When the day came that Lucinda introduced Sonny to a man in her life, the kid would be smart enough to understand what that meant. And, once that door was opened for Sonny, it could never fully be closed again.
It was his duty to make sure she realised how formative such a moment would be. To make sure, before she did anything she couldn’t take back, that she was sure.
“The real question is,” Fitz intoned, “why hasn’t she nabbed herself a long-term fella? All she’d have to do is snap her fingers. The woman is smoking hot. Hair like a dark-chocolate waterfall. Skin like Italian marble. Those big, brown cow eyes that can see right into the depths of your deeply charred soul.”
“You might want to tone it down.”
“What? The smoking hot thing?” Fitz was clearly on a roll. “I’m not trying it on. It’s an empirical fact. You must be aware that your assistant is as good as it gets. Say it out loud so I know you are a human man: Lucinda Starling is a glorious, gumptious, gorgeous specimen of womanhood.”
Angus took a long, slow sip of his drink, only to find he could no longer taste it.
Fitz tapped a finger against his lips. “No? Too busy drinking? Well, I’ll say it—for a woman like that, every weekend ought to be a dirty weekend.”
Angus turned to Fitz. Everything in him clenched, as if readying to take a swing.

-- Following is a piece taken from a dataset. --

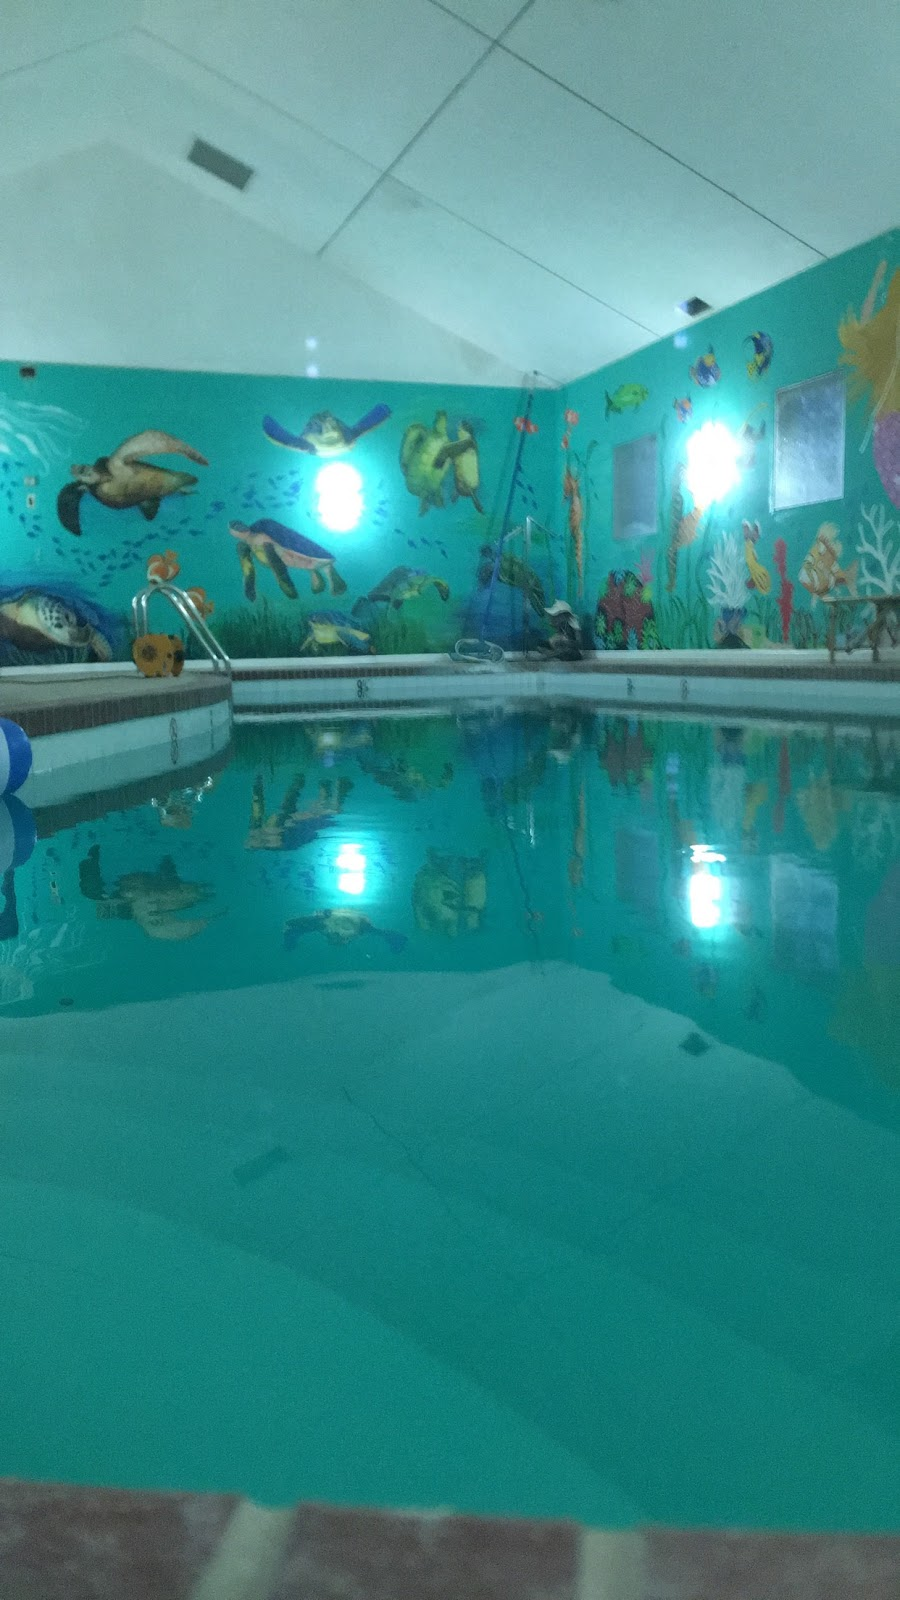 Berry Scuba & Swim School - travel agency  | Photo 2 of 10 | Address: 200 Northfield Rd, Northfield, IL 60093, USA | Phone: (847) 827-3100

By the glint in Fitz’s eye, he knew it. Hell, he’d have welcomed it. As if it would prove a point. A point Angus had no intention of helping him make.
“Enough,” Angus managed through gritted teeth. “You’re talking about someone’s mother.”
At that, Fitz burst out laughing. He laughed until he had to grip the bar so as not to fall off his stool. “Man, you kill me. I gifted you so many other ways to defend her and that’s where your mind went? I guess if a guy is in need of a bucket of iced water to toss over himself, that’ll do it. Though, if the first thing you think of when you look at Lucinda is ‘mother’, then I worry for you and the future of our bloodline.”